Le Secrétaire exécutif de la Commission économique des Nations Unies pour l’Afrique (CEA), Claver Gatete, a exhorté lundi les pays africains à élaborer une réponse commune, équitable et fondée sur des données concrètes face au mécanisme d’ajustement carbone aux frontières (CBAM) mis en place par l’Union européenne.
Prenant la parole à l’ouverture de la réunion du Groupe de travail africain de haut niveau sur l’architecture financière mondiale, organisée à Brazzaville, Claver Gatete de la CEA a souligné que le CBAM de l’Union européenne dépasse la seule dimension climatique pour devenir un enjeu majeur de commerce, d’industrialisation et de développement pour le continent.
Selon lui, une application insuffisamment adaptée de ce mécanisme pourrait accentuer les tensions commerciales, renforcer la fragmentation de l’économie mondiale et creuser davantage les inégalités, sans garantir des retombées climatiques significatives.
Le Secrétaire exécutif de la CEA a également relevé que l’Afrique évolue désormais dans un contexte marqué par une croissance plus faible et une incertitude économique grandissante. Il a rappelé le durcissement des conditions de financement, la hausse du coût du capital ainsi que la diminution des financements concessionnels.
Le responsable onusien a insisté sur le fait que les secteurs visés par le CBAM -notamment le ciment, le fer et l’acier, l’aluminium, les engrais, l’électricité et l’hydrogène- occupent une place stratégique dans les ambitions africaines d’industrialisation, de développement des infrastructures, de transition énergétique et d’intégration régionale.
Au-delà de la tarification du carbone, il a mis en avant les difficultés auxquelles devront faire face les exportateurs africains, notamment en matière de mesure et de vérification des émissions, d’accès aux technologies propres, de mise en conformité réglementaire et de mobilisation des financements nécessaires à l’adaptation.

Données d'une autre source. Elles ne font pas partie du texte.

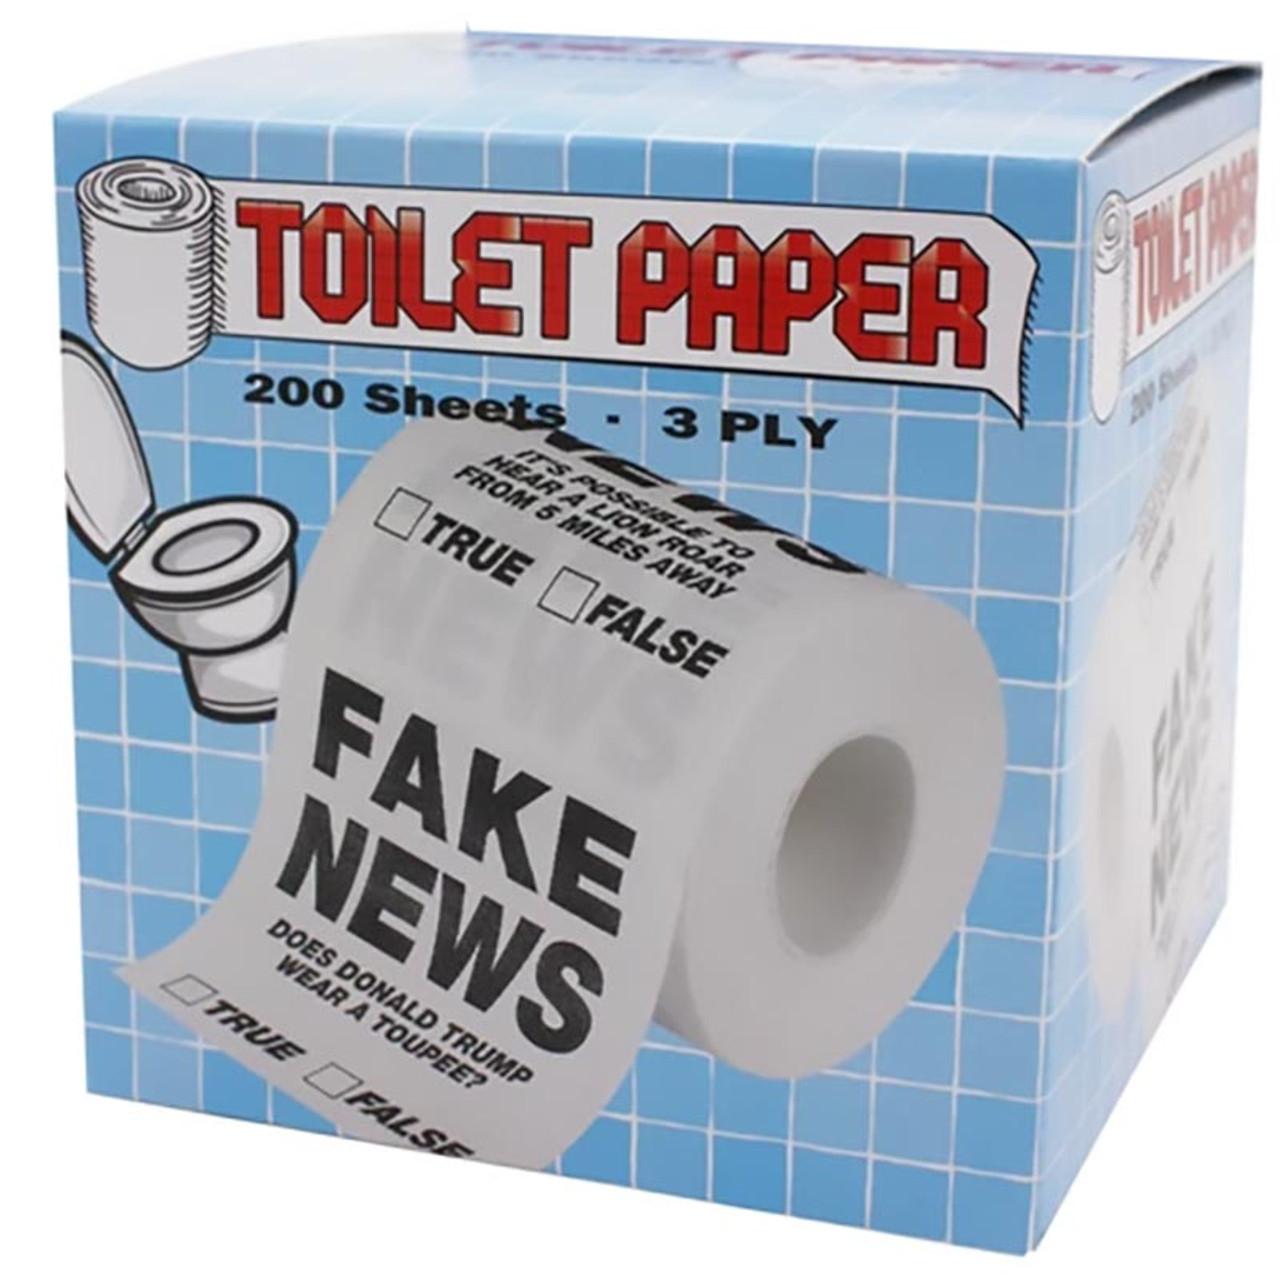 Fake News Novelty Toilet Paper
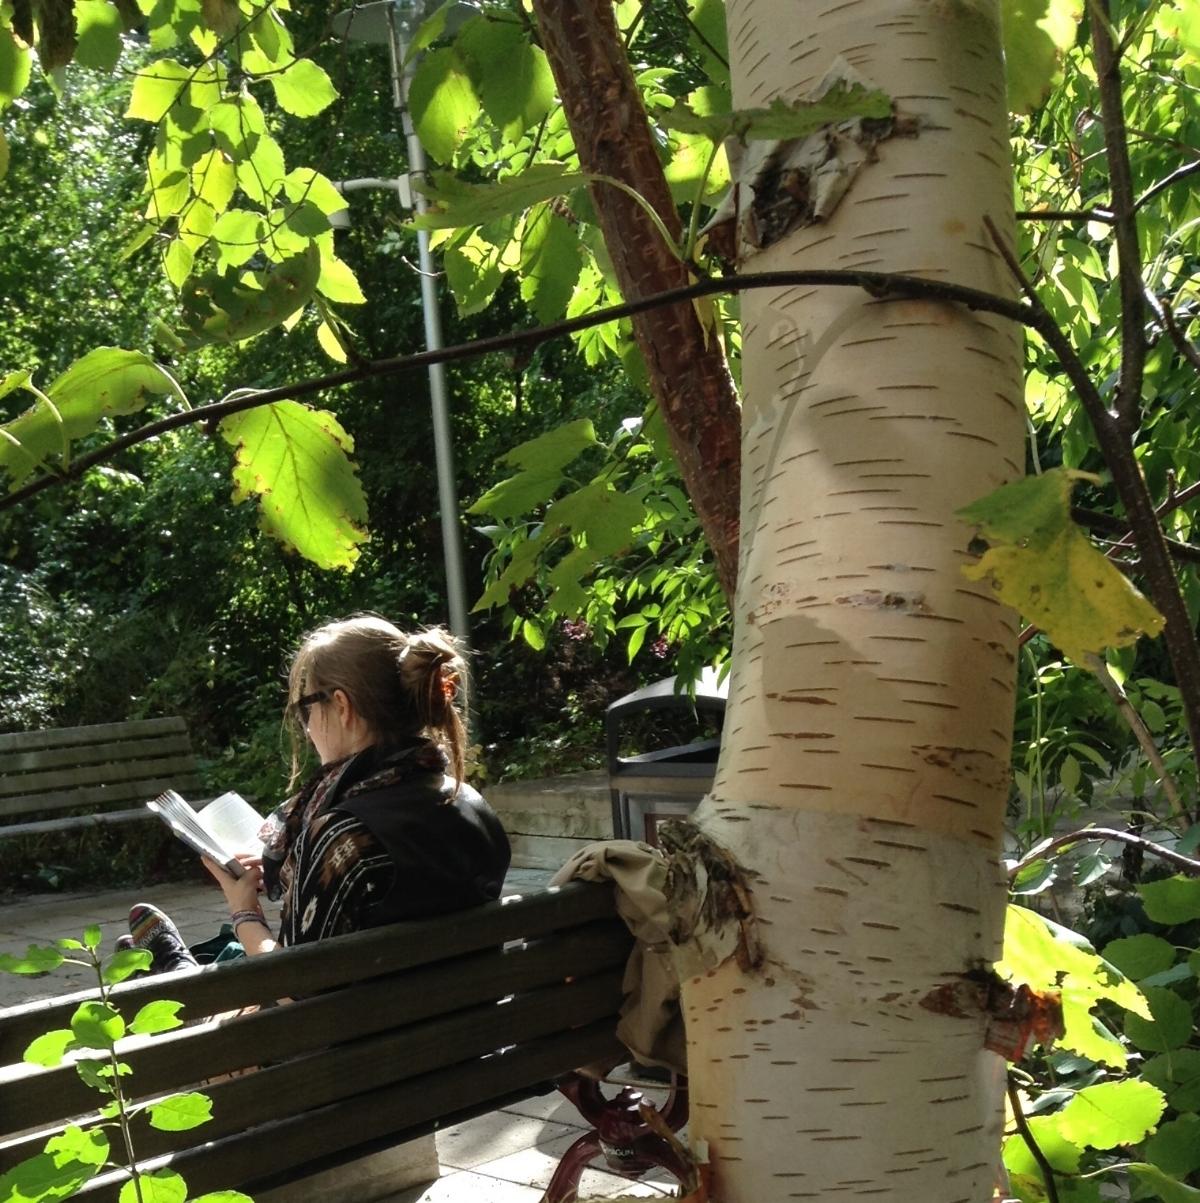 Visitor at the Husky Energy Courtyard, University of Ottawa. Photo: Renate Sander-Regier

« Sans accompagnement adéquat ni période transitoire suffisante, le CBAM risque davantage de devenir une nouvelle barrière commerciale qu’un véritable levier pour une transition bas carbone », a-t-il averti.
La rencontre de Brazzaville s’inscrit dans la continuité des échanges tenus le mois dernier à Washington, à l’occasion des Assemblées de printemps du FMI et de la Banque mondiale, où les dirigeants africains avaient plaidé pour des réponses urgentes et des réformes durables de l’architecture financière internationale.
Durant cette réunion, des experts de la CEA, parmi lesquels Hanan Morsy et Melaku Desta, doivent présenter une étude analytique consacrée aux impacts du CBAM européen sur les économies africaines.
En conclusion, Claver Gatete a invité les participants à engager des discussions franches, pragmatiques et constructives afin d’identifier des solutions capables de préserver les économies africaines, de soutenir l’industrialisation du continent et de favoriser une transition énergétique équitable.